◆ ACTIVITY ◆
Could you repeat the listing below exactly while leaving its pictures behind?

◆ INPUT DATA ◆

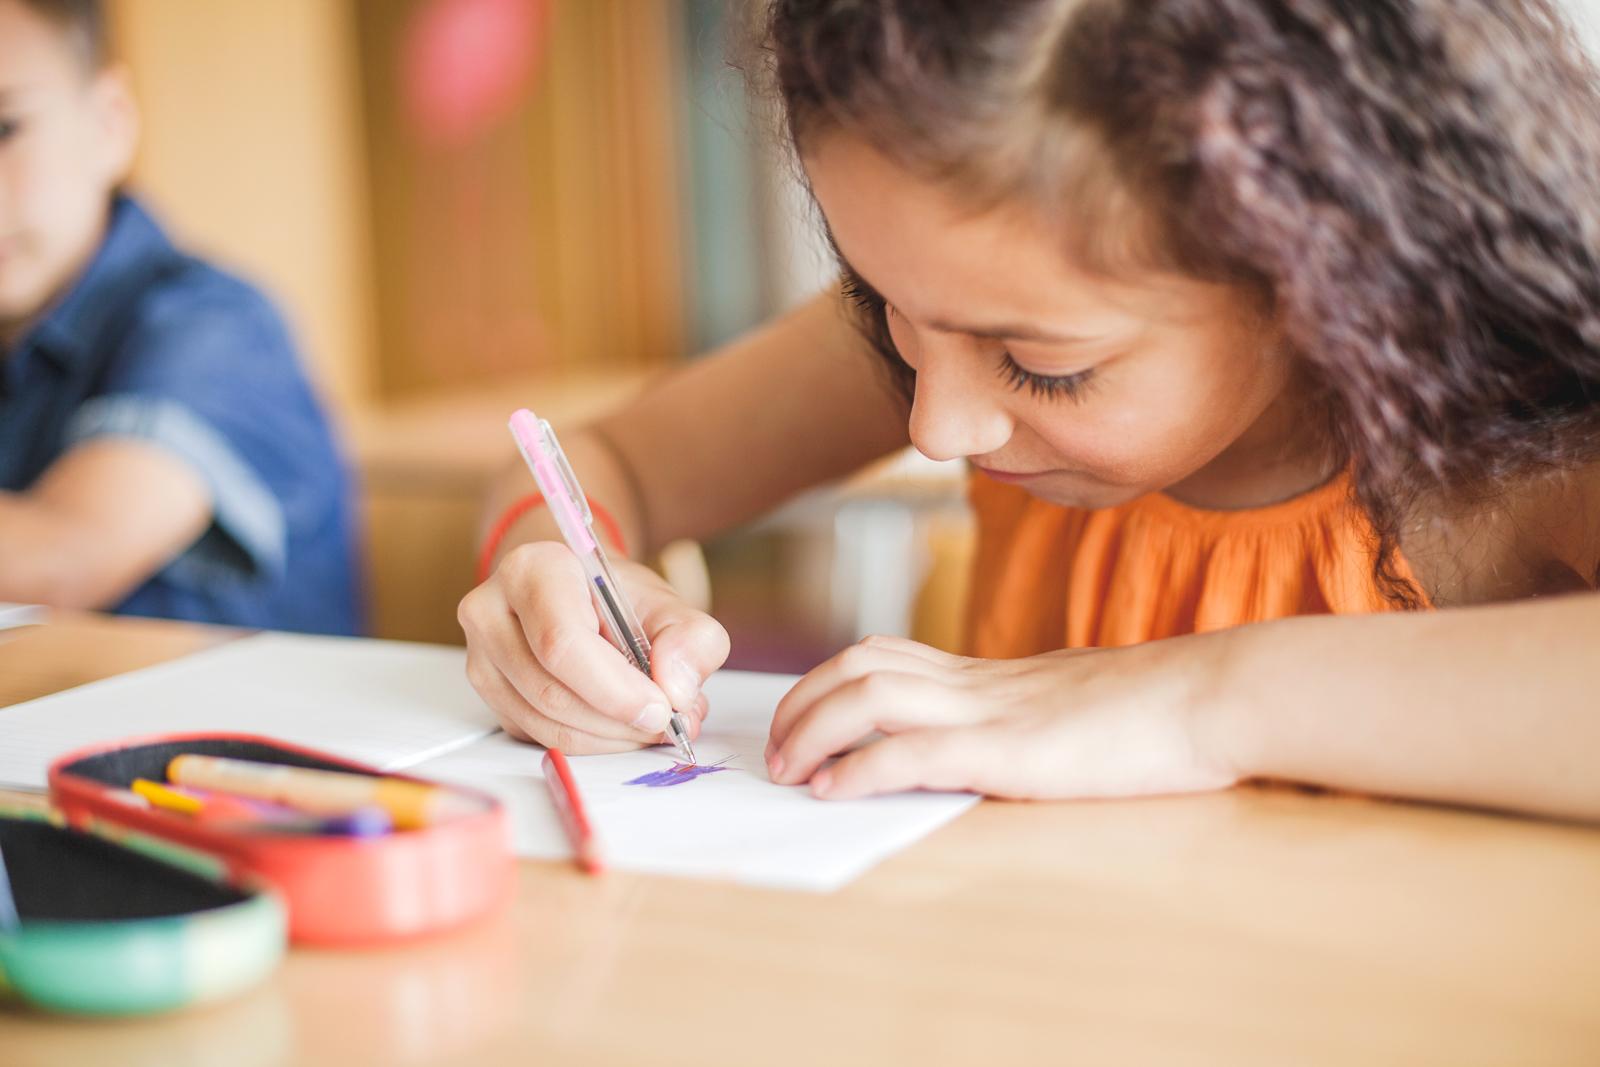 schoolgirl-sitting-table-drawing
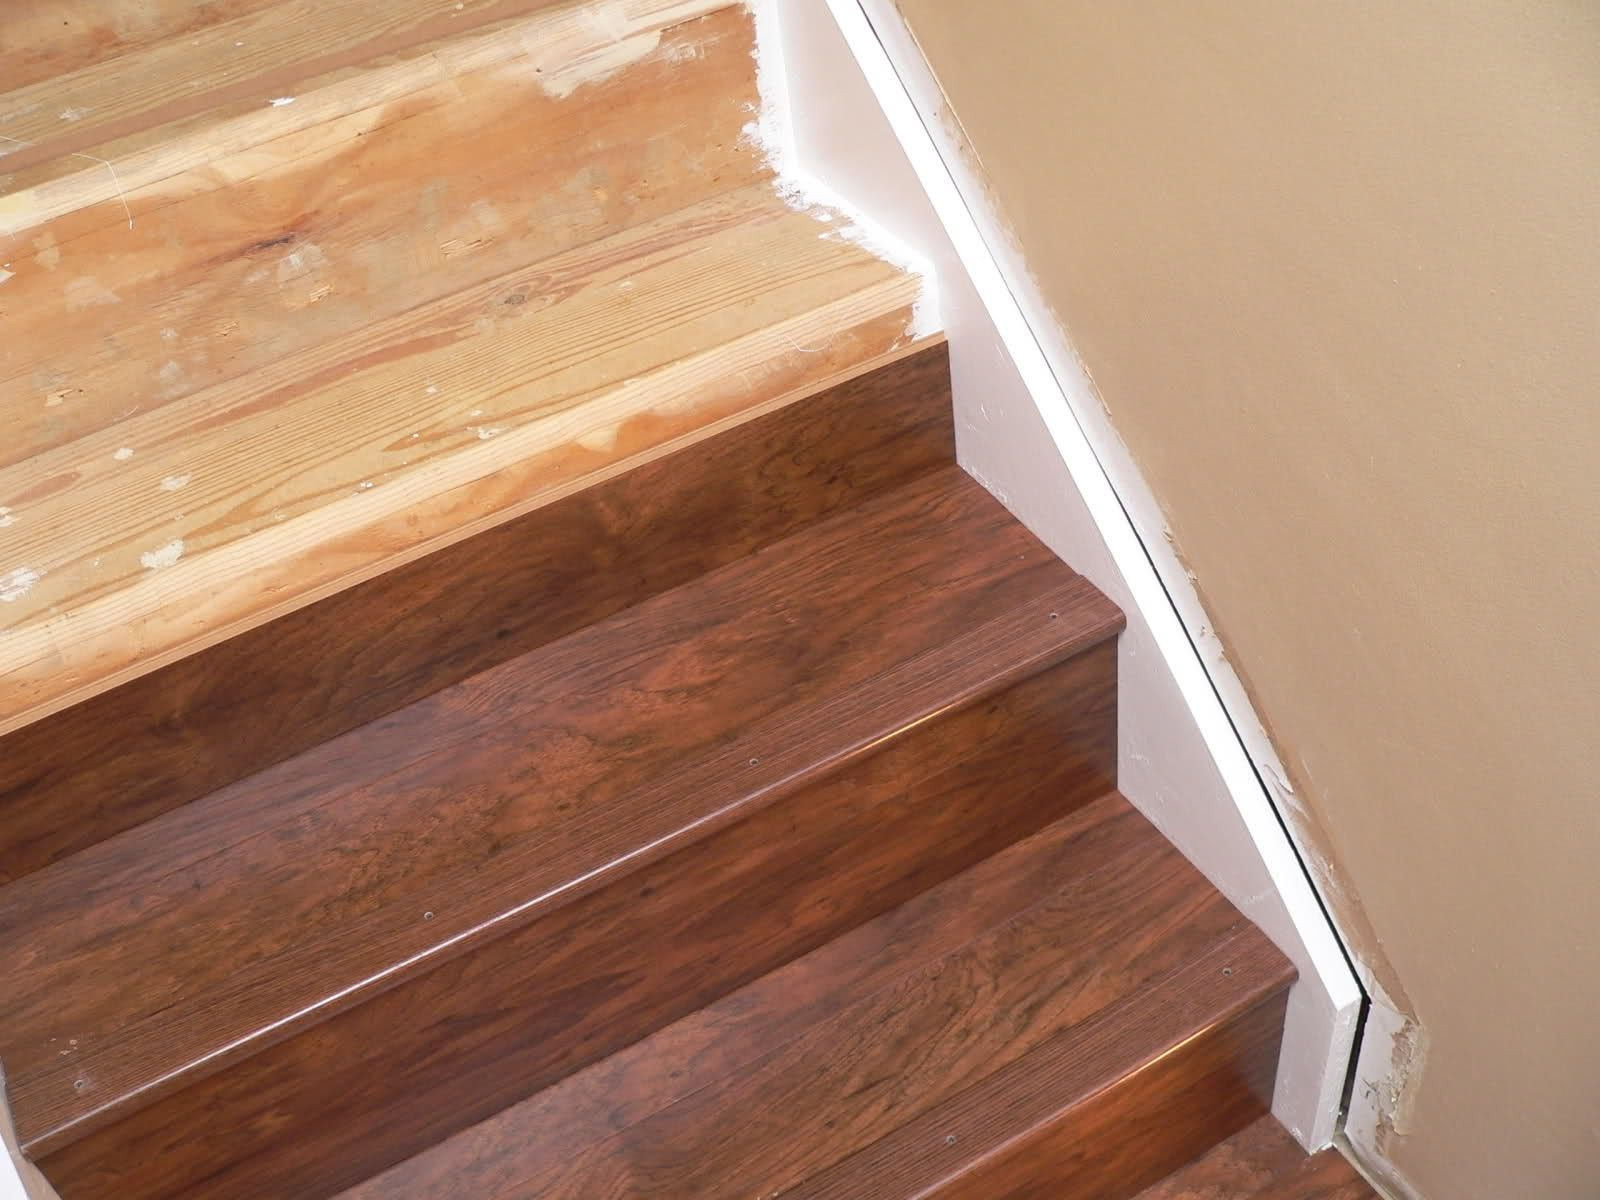 Flooring On Stairs Pergo Laminate Flooring On Flooring For Stairs Pergo Laminate Flooring Wood Floors Wide Plank
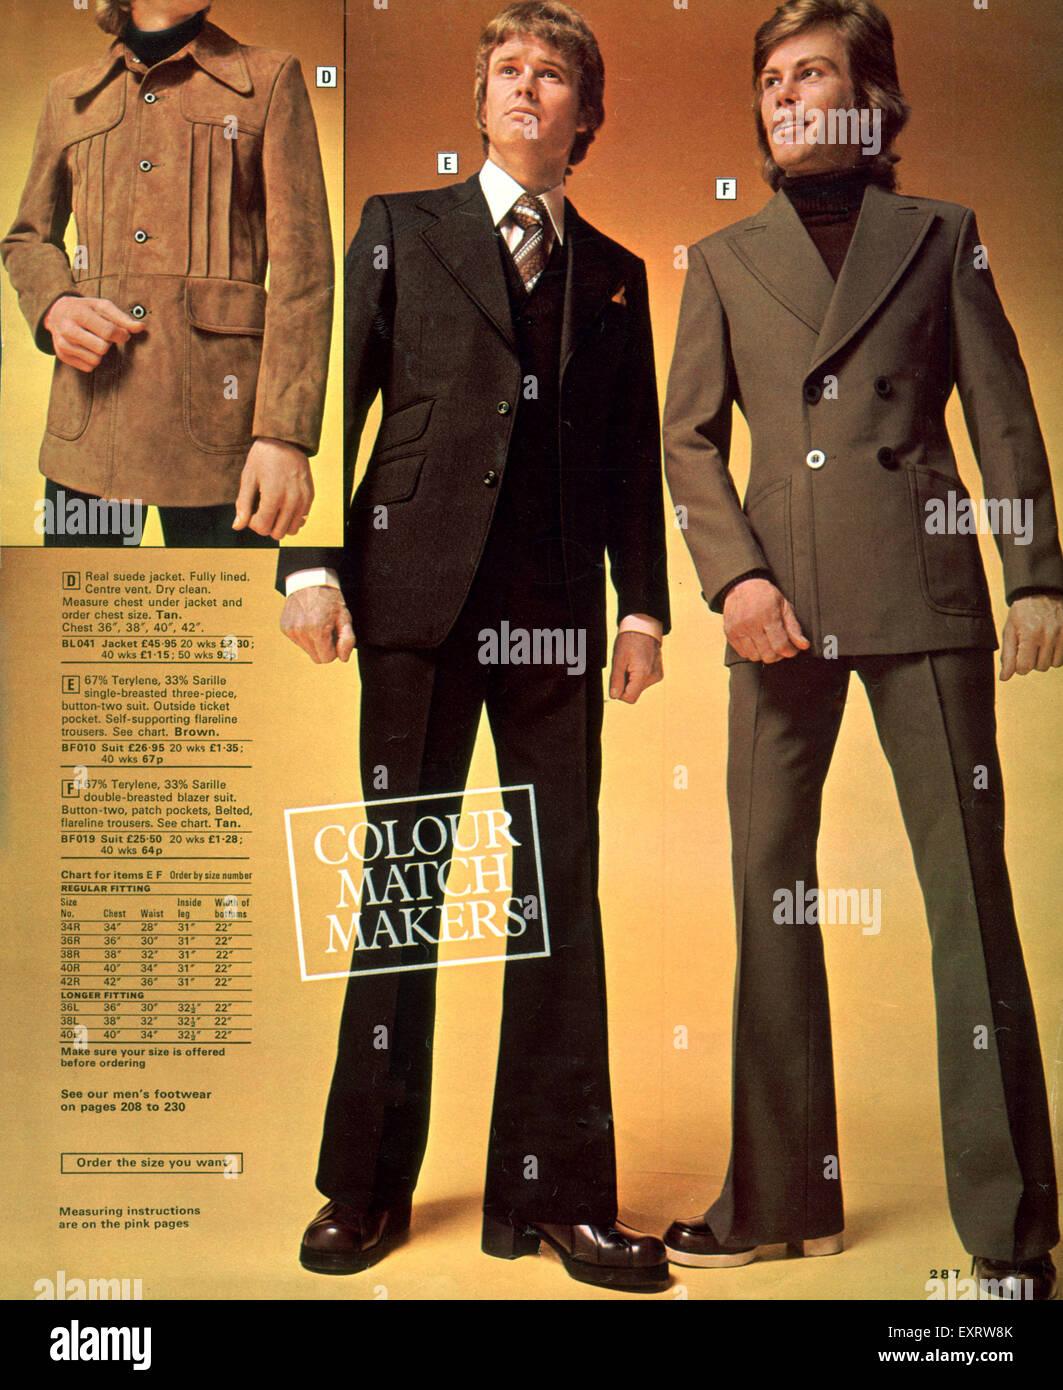 1970s Uk Mens Fashion Catalogue Stock Photos & 1970s Uk ...

◆ RESULT ◆
 schoolgirl-sitting-table-drawing
 Flooring On Stairs Pergo Laminate Flooring On Flooring For Stairs Pergo Laminate Flooring Wood Floors Wide Plank
 1970s Uk Mens Fashion Catalogue Stock Photos & 1970s Uk ...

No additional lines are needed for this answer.